Brett Johnstone
- Full name: Brett Andrew Johnstone
- Born: 22 April 1970 (age 55) Inglewood, Queensland, Australia

Rugby union career
- Position: Halfback

Super Rugby
- Years: Team / Apps / (Points)
- 1996–99: Queensland Reds

International career
- Years: Team / Apps / (Points)
- 1993: Australia / 1 / (5)

= Brett Johnstone =

Brett Andrew Johnstone (born 22 April 1970) is an Australian former rugby union international.

Johnstone was born in Inglewood, Queensland and attended Downlands College, where he played under the tutelage of ex-England national coach John Elders. One of Johnstone's 1st XV teammates at Downlands was Tim Horan.

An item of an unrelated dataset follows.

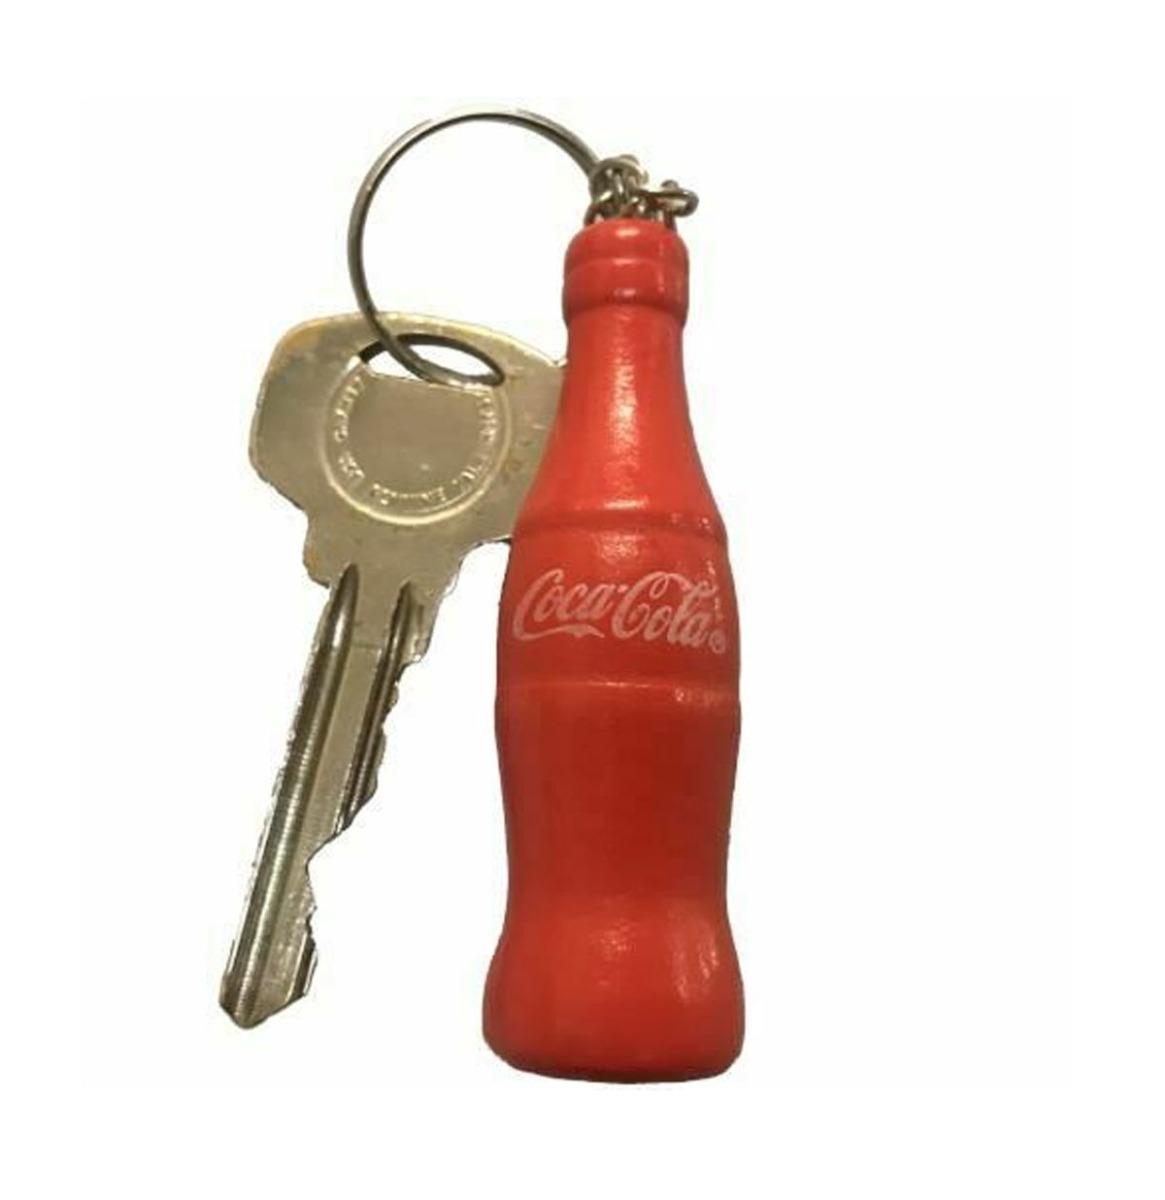 Classic Coca-Cola Fles Houten Sleutelhanger - Rood

A halfback, Johnstone was drafted into the national side in 1993 as an understudy to Peter Slattery. He got his opportunity in that year's Test against Tonga in Brisbane, when he was substituted on for an injured Slattery and scored a debut try for the Wallabies. For the end of year overseas tour, he was overlooked in favour of Mark Catchpole as the reserve scrum-half and didn't earn any further caps.

Johnstone was capped 71 times for the Queensland Reds during the 1990s. In 1995, he had an important role in the side's Super 10 title, scoring a 70-metre intercept try in the second half of the final against Transvaal. He also played some rugby union in South Africa for the Lions in the Currie Cup.